*ASSIGNMENT:* Hunt for the word "Free" across the entries below, copying each line that holds it.

*RECORDS PROVIDED:*
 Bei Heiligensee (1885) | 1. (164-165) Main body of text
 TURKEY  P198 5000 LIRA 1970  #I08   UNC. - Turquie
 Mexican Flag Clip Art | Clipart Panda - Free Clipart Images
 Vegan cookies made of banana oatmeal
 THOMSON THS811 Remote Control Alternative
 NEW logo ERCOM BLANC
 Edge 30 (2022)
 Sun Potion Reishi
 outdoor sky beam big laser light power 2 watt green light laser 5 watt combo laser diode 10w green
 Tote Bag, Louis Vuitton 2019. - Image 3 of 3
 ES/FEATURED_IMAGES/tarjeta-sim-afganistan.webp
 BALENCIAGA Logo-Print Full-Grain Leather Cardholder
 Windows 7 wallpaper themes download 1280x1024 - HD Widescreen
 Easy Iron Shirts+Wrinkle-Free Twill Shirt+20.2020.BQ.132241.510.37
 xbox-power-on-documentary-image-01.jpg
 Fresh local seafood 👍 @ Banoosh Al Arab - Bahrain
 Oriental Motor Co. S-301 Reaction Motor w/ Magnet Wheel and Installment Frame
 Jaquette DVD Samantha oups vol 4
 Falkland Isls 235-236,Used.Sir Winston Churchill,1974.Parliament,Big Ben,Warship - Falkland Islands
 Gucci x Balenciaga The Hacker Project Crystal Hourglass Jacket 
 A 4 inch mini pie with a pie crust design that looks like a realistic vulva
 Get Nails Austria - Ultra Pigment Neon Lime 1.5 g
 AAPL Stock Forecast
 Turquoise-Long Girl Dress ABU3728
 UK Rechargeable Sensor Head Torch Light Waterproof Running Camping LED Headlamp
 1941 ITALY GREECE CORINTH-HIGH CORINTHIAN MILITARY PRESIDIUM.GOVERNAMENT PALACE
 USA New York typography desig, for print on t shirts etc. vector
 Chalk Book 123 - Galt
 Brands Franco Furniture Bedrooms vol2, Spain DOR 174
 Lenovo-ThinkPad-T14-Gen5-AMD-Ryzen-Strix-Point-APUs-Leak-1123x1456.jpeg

*FINISHED EXERCISE:*
 Mexican Flag Clip Art | Clipart Panda - Free Clipart Images
 Easy Iron Shirts+Wrinkle-Free Twill Shirt+20.2020.BQ.132241.510.37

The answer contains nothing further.